Aim of the task: With pictures omitted, transcribe exactly the lines from the one containing "Trail pueden verse" to the end of the records below.

--- START ---

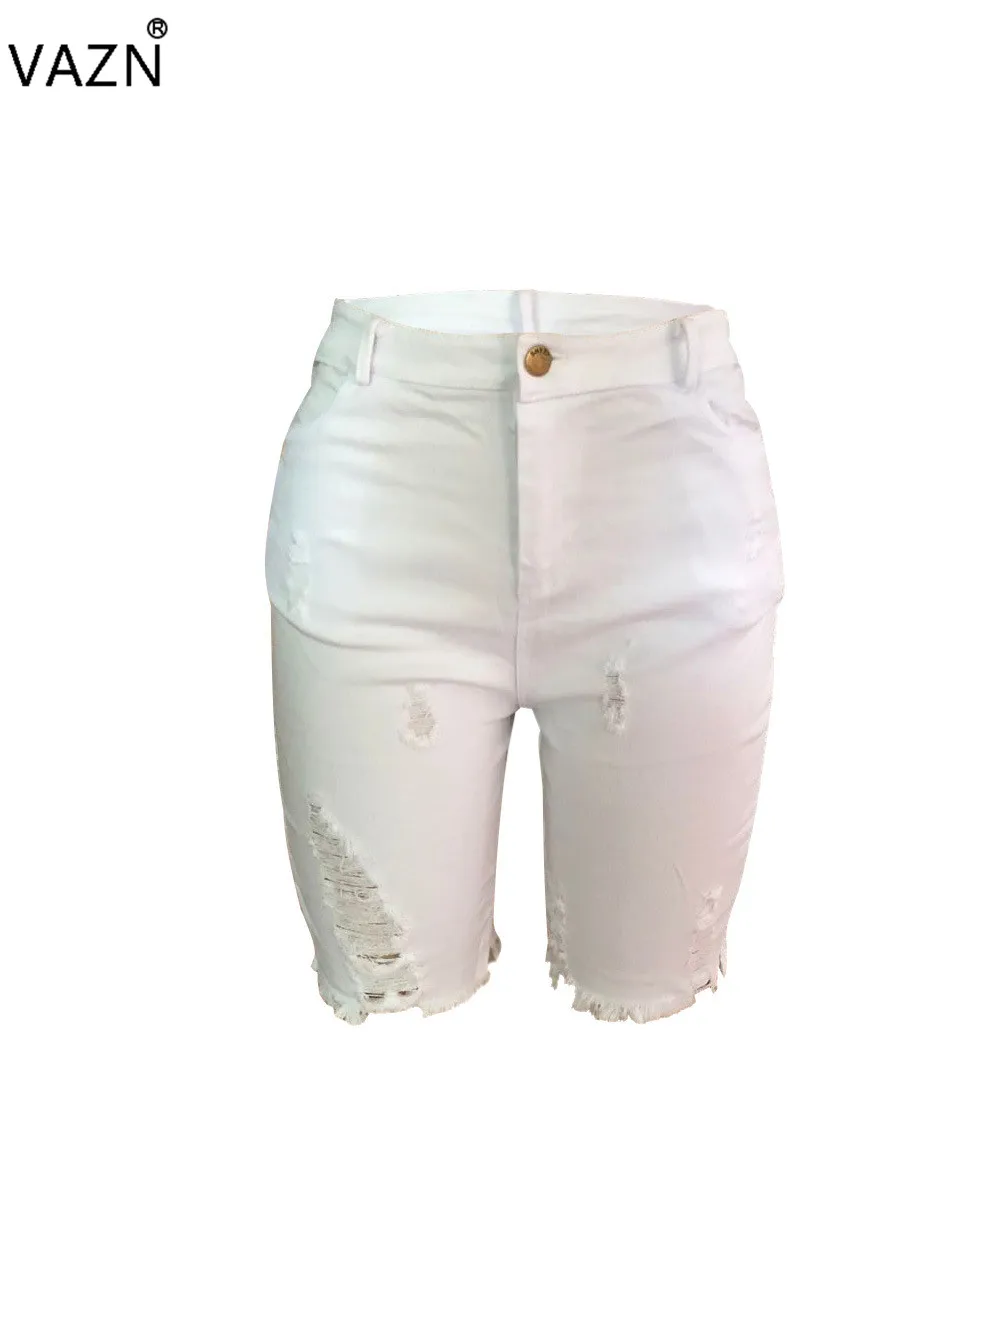 VAZN SM3261, новинка, летние сексуальные женские джинсы средней длины, 4 цвета, рваные джинсы-скинни с пуговицами, сексуальные модные джинсы со средней талией для девочек
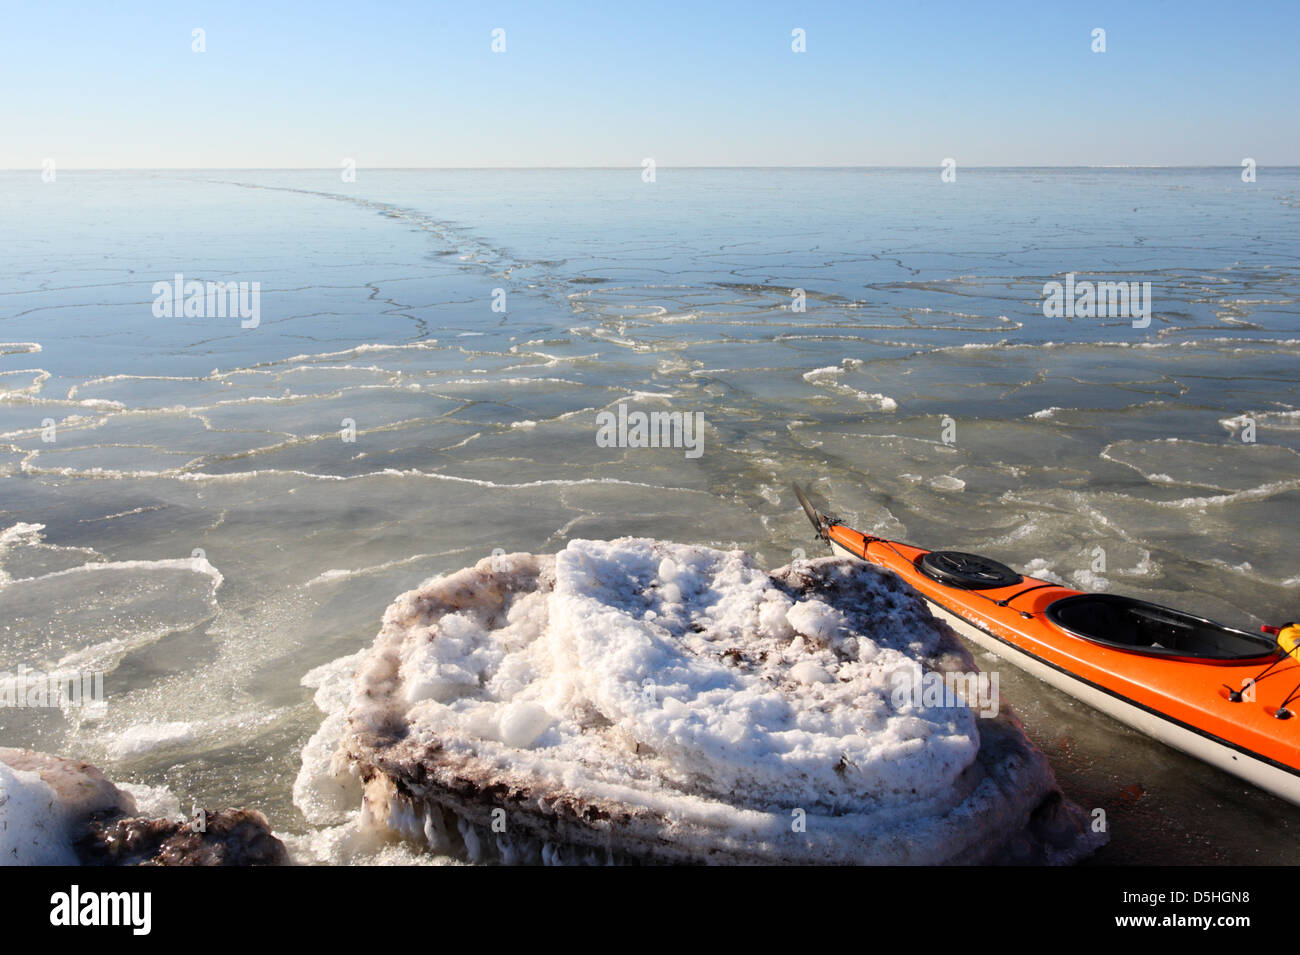 Trail pueden verse después de kayak pensado 3-5cm el hielo del mar. Europa, Estonia Foto de stock
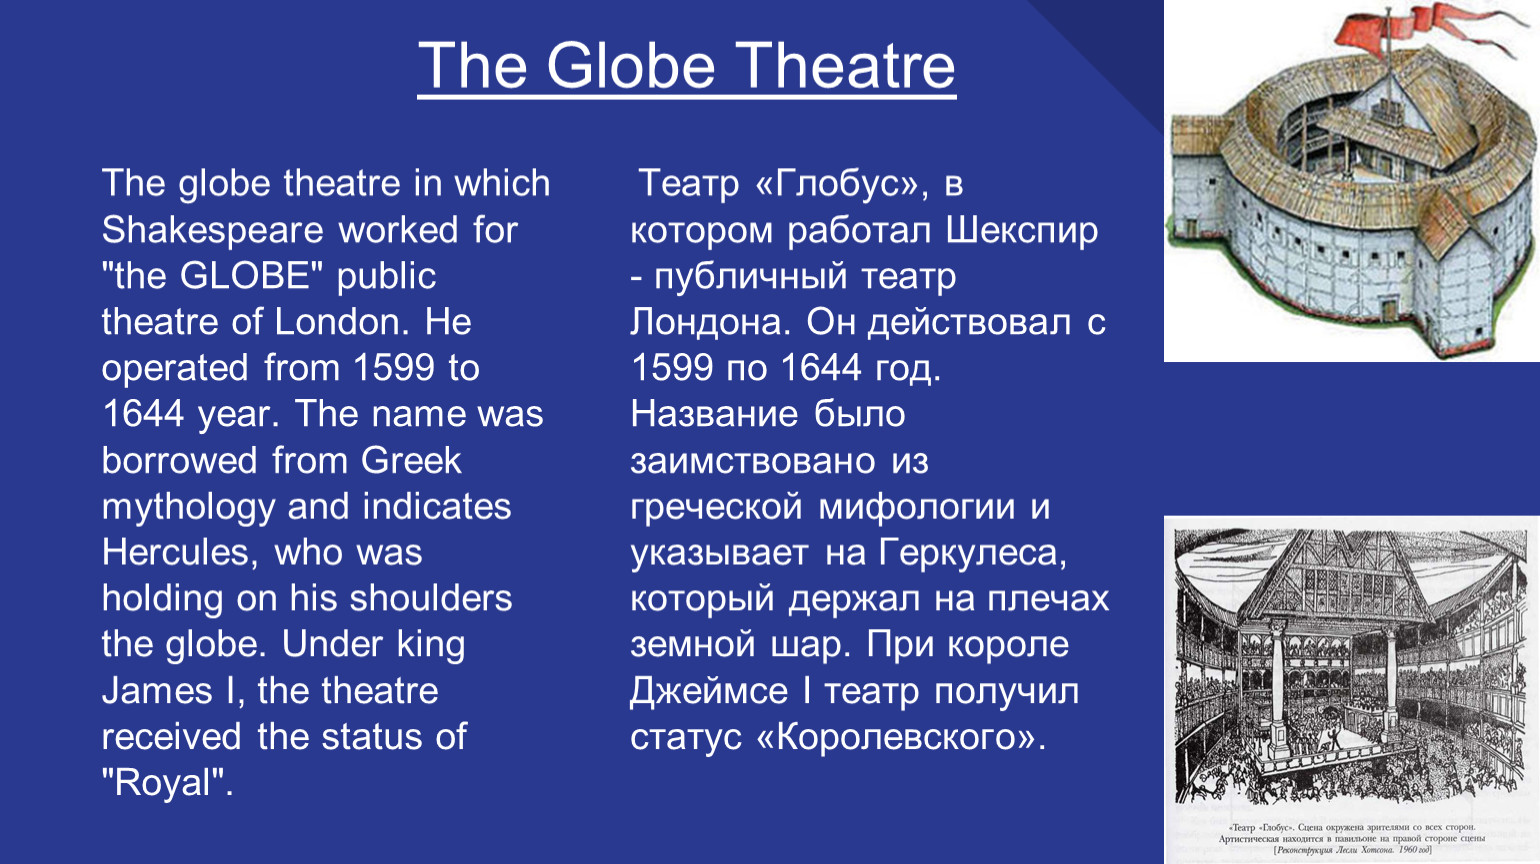 Theatre перевод на русский. Театр Глобус Шекспира 1599. Вильям Шекспир театр Глобус. Театр Глобус в Лондоне в 1644. Англия. Театр «Глобус» (16 в.).
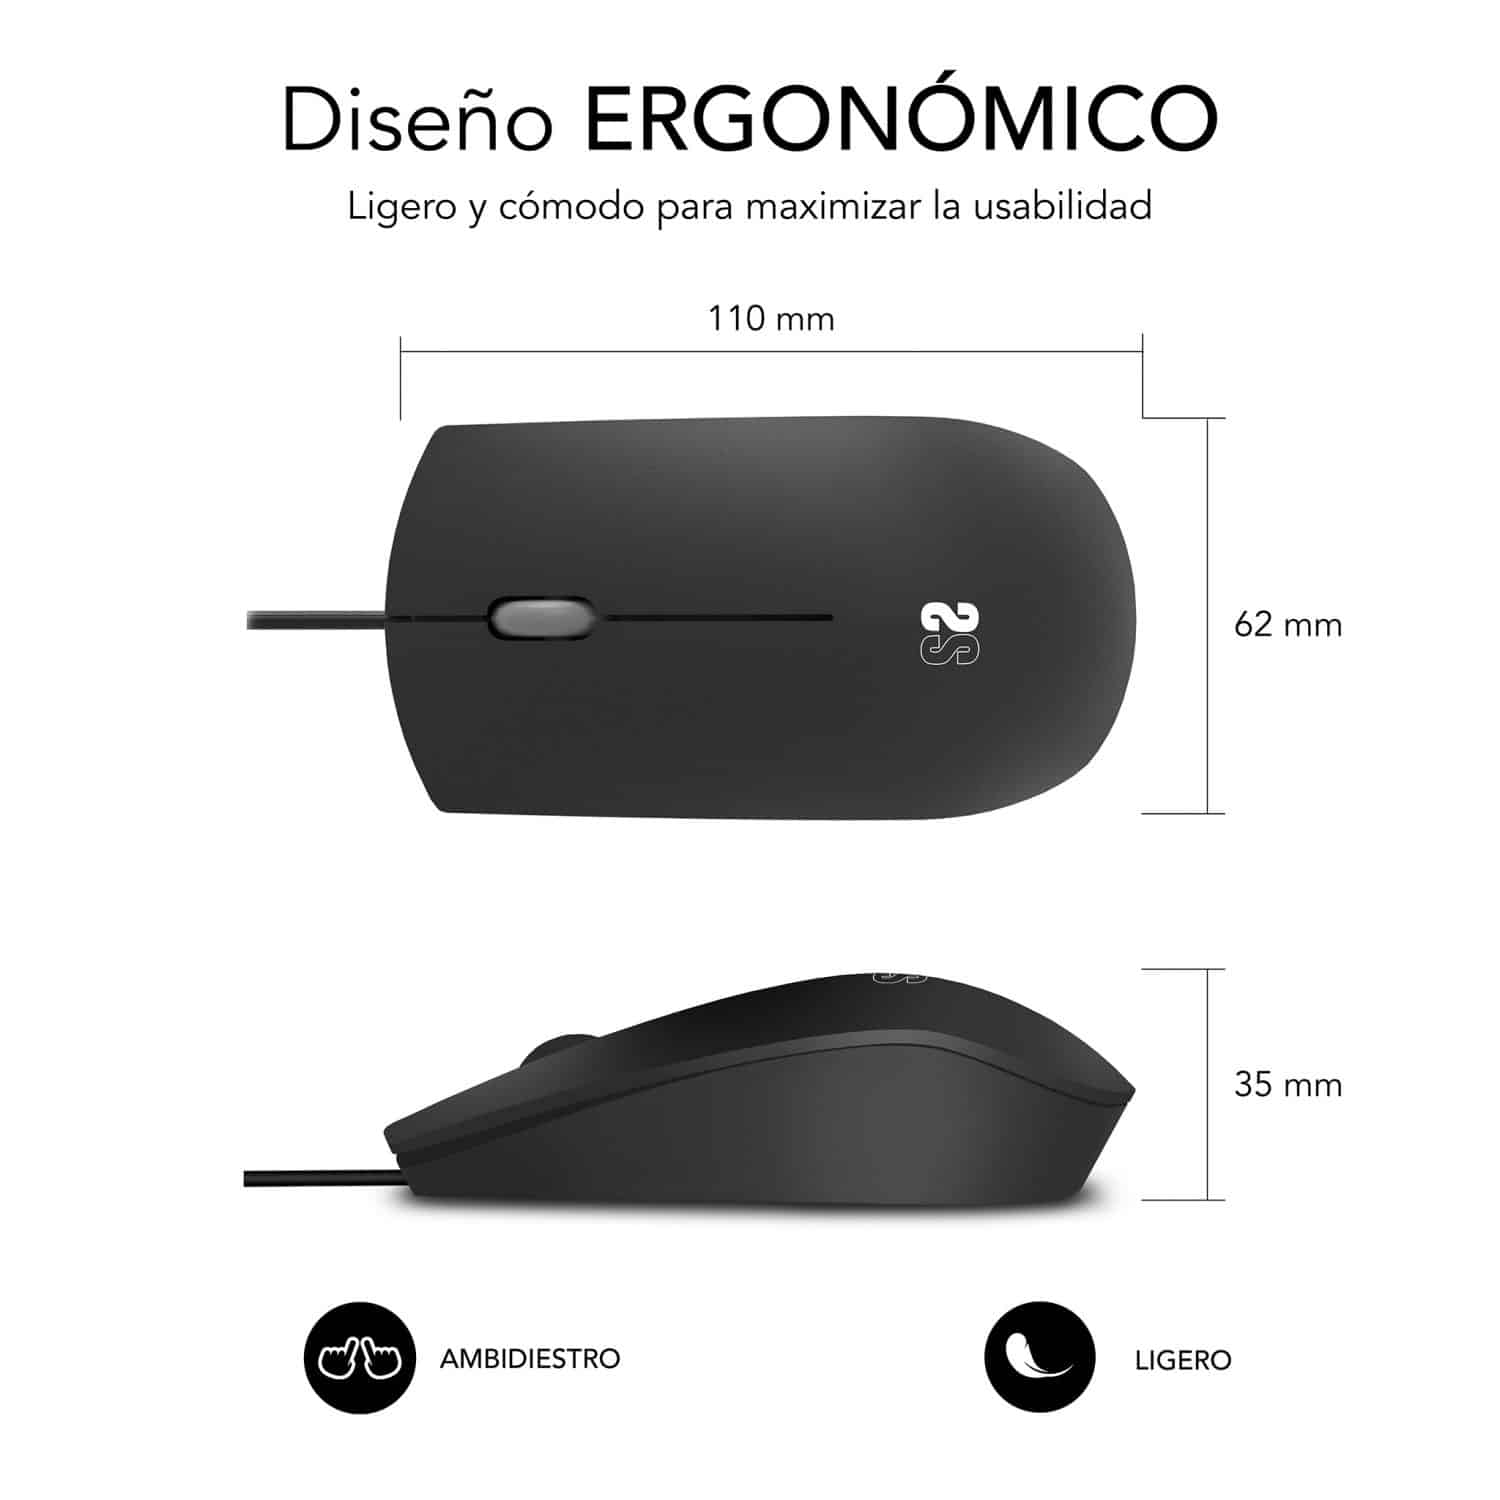 mouse com design ergonômico que cabe na mão, ambidestro, gama empresarial, ideal para empresas na cor preta
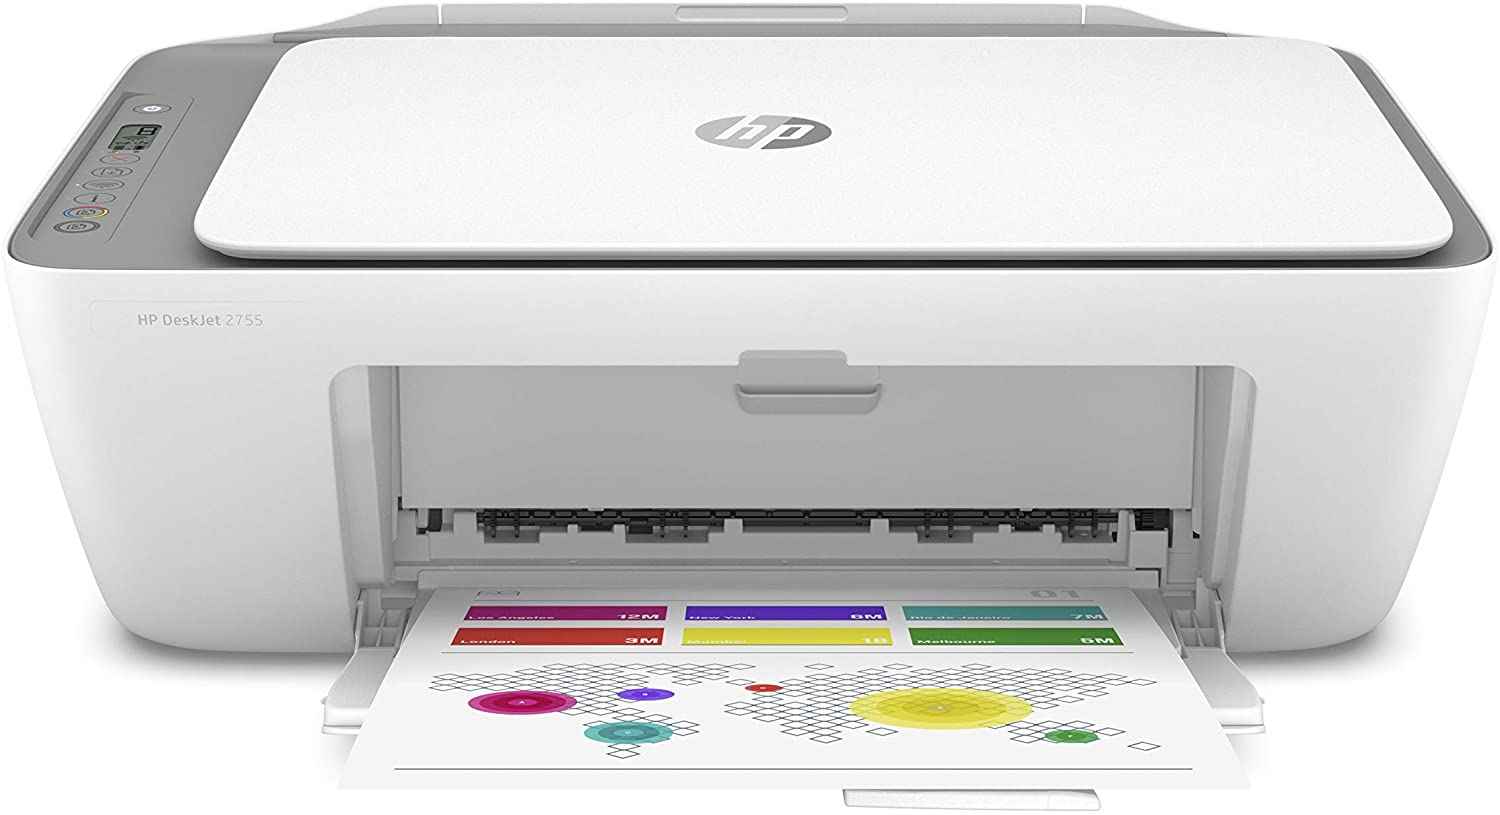 HP DeskJet 2755 Printer

--- END ---

Answer for this exercise:
 Trail pueden verse después de kayak pensado 3-5cm el hielo del mar. Europa, Estonia Foto de stock
 Theatre перевод на русский. Театр Глобус Шекспира 1599. Вильям Шекспир театр Глобус. Театр Глобус в Лондоне в 1644. Англия. Театр «Глобус» (16 в.).
 mouse com design ergonômico que cabe na mão, ambidestro, gama empresarial, ideal para empresas na cor preta
 HP DeskJet 2755 Printer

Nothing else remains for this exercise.